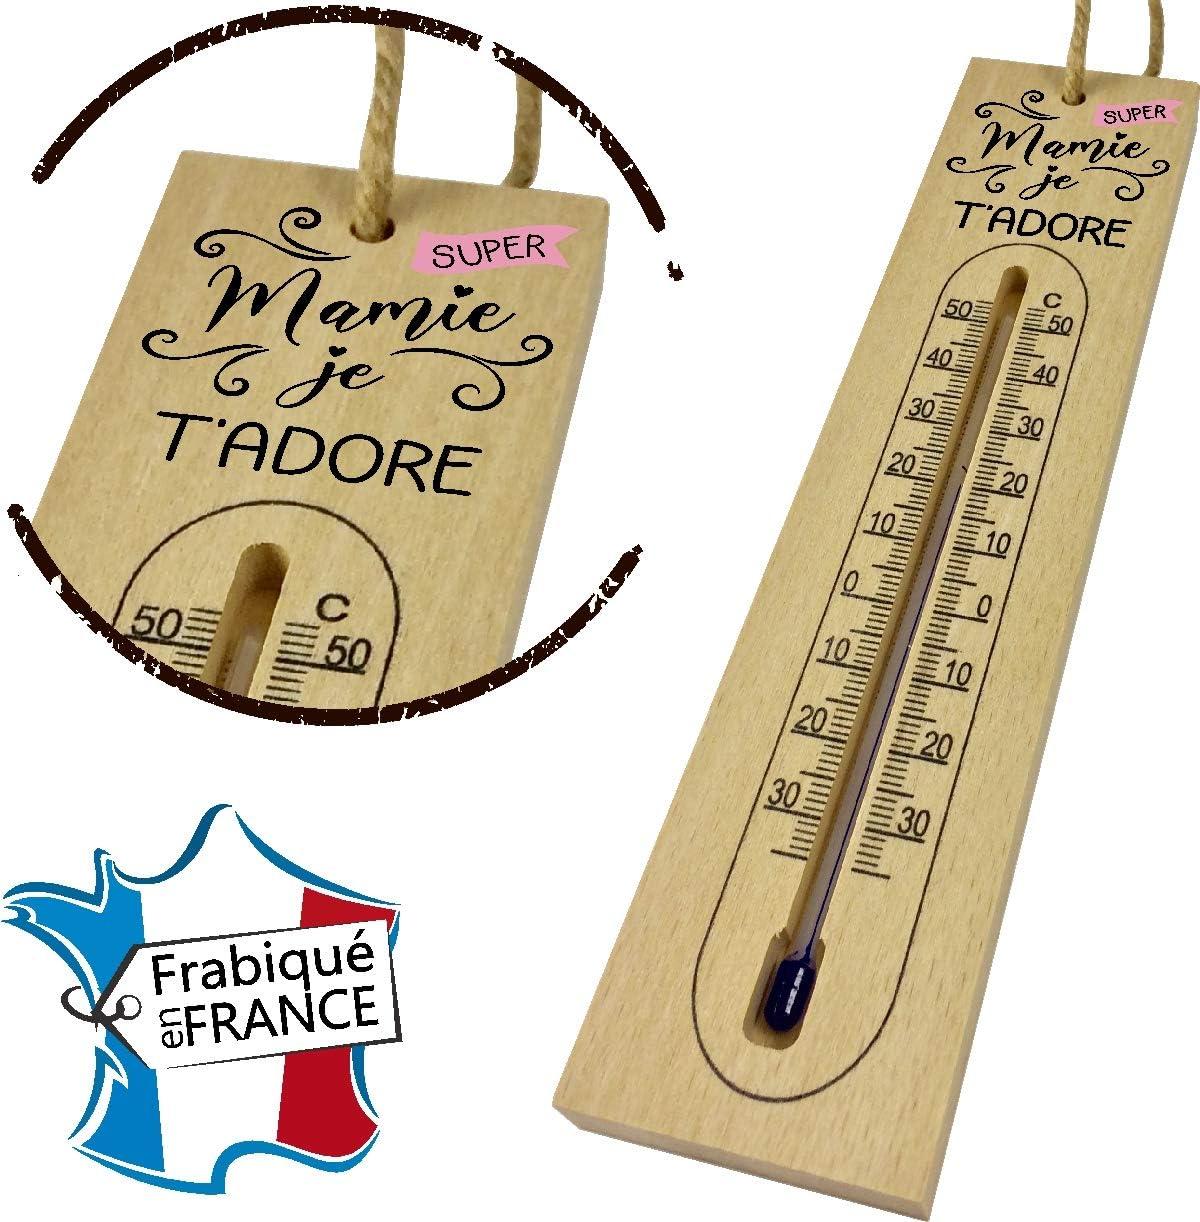 Anniversaire F/ête des Grands m/ères Thermom/ètre en Bois pour Mamie Un Beau Cadeau Original pour Mamy Thermom/ètre fabriqu/é et imprim/é en France No/ël
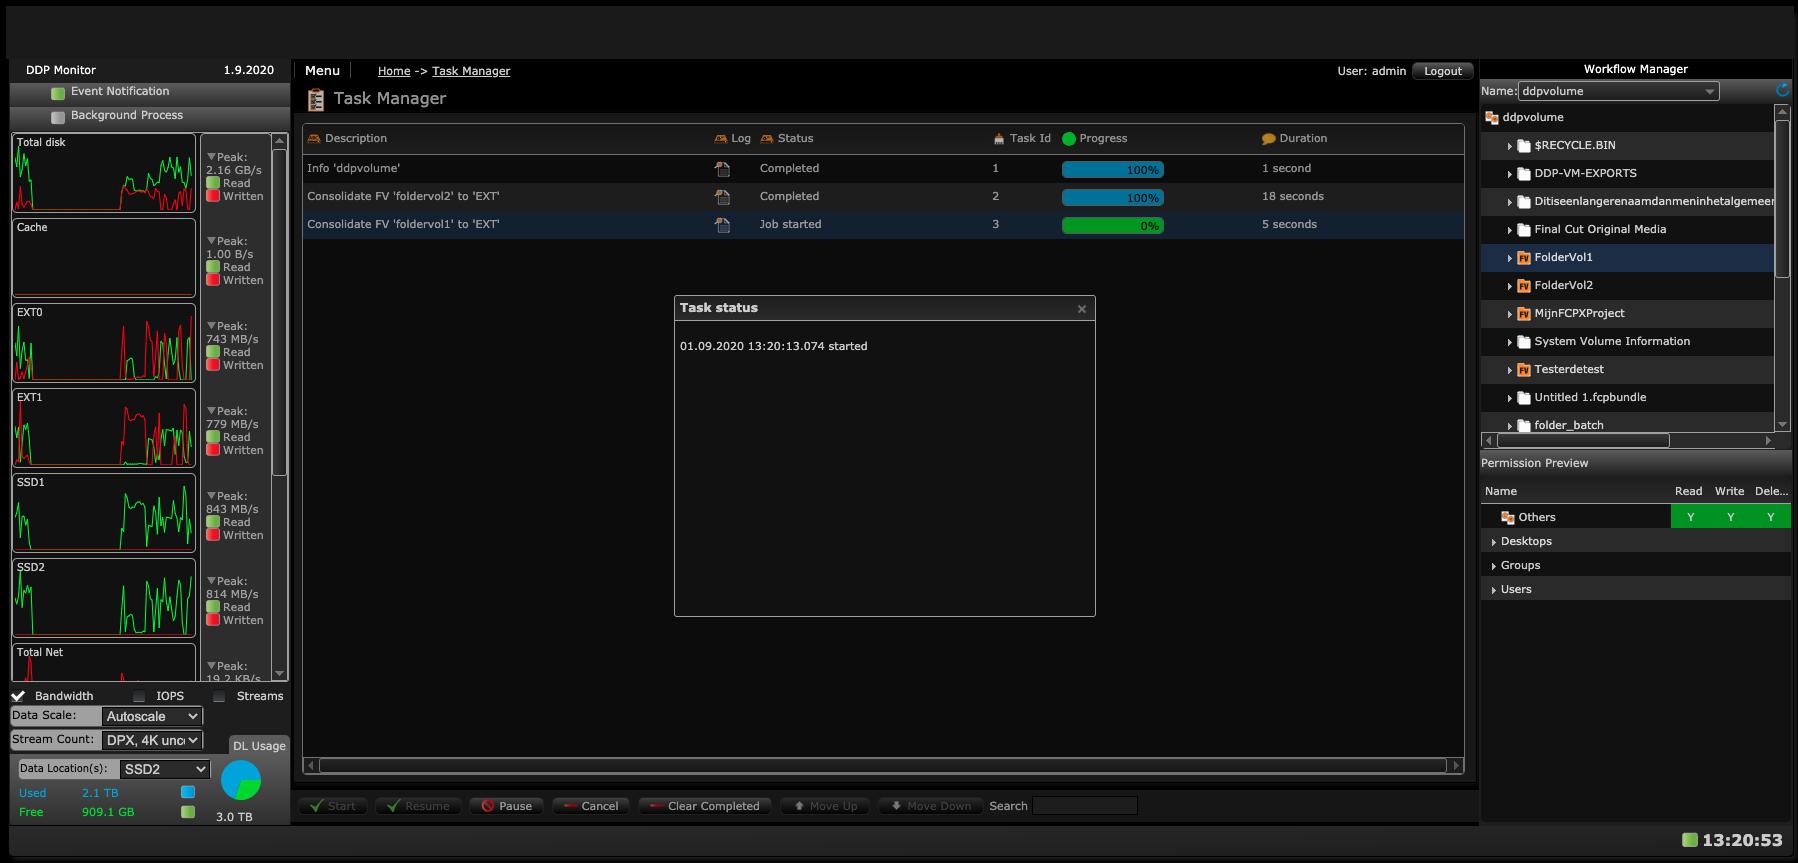 AVFS Task Manager screen
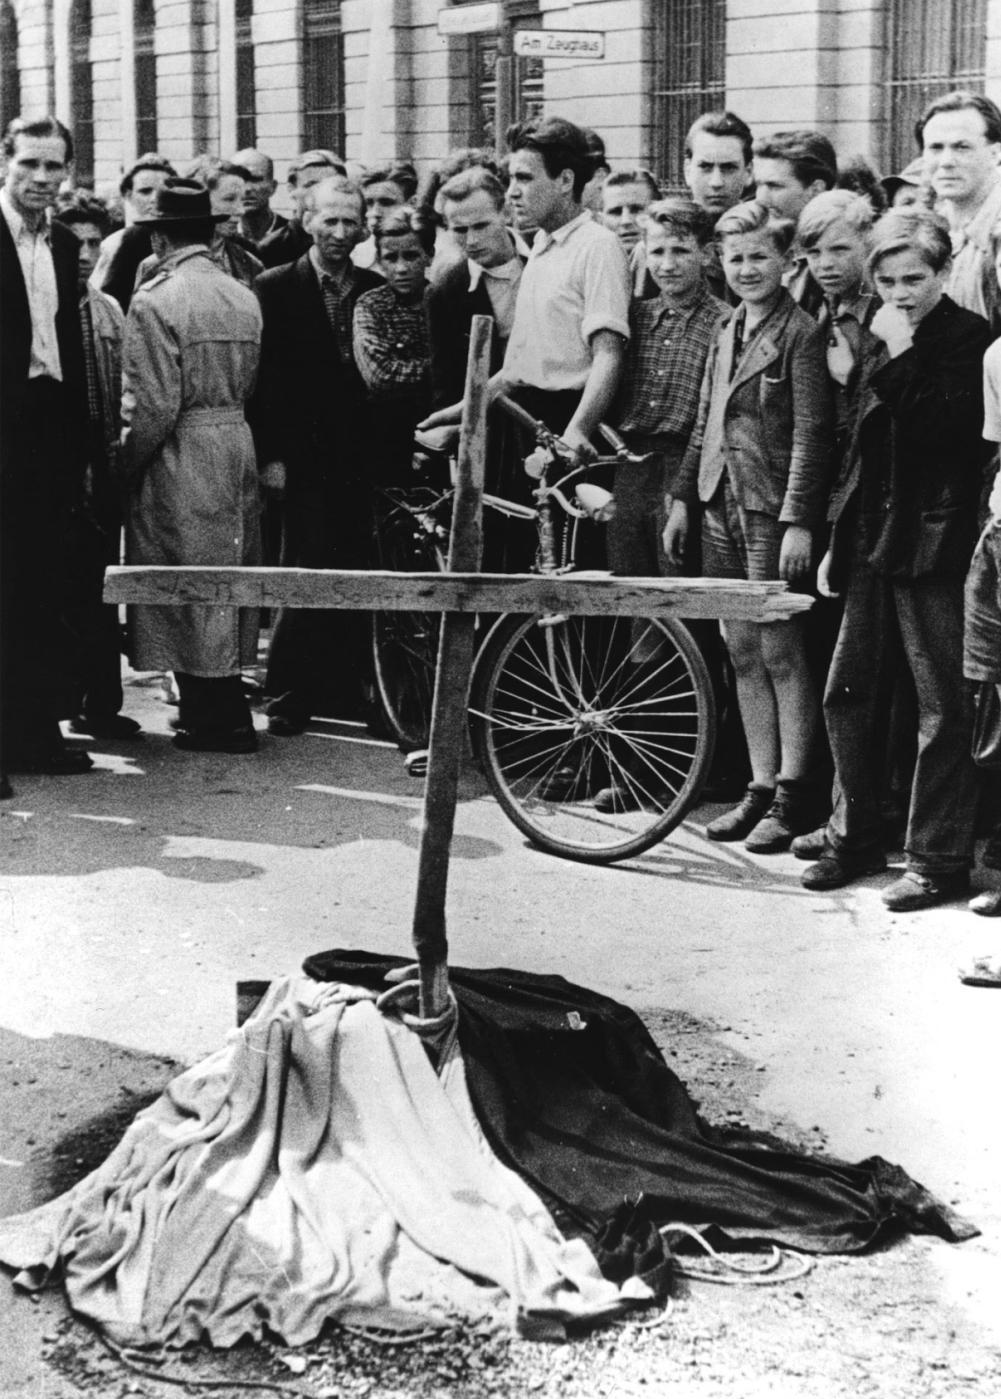 Berlínské povstání, provizorní pomník

***

* **Problem description**: Print all data above verbatim, except pictures.

* **Written reply**:
 Anniversaire F/ête des Grands m/ères Thermom/ètre en Bois pour Mamie Un Beau Cadeau Original pour Mamy Thermom/ètre fabriqu/é et imprim/é en France No/ël
 AVFS Task Manager screen
 Berlínské povstání, provizorní pomník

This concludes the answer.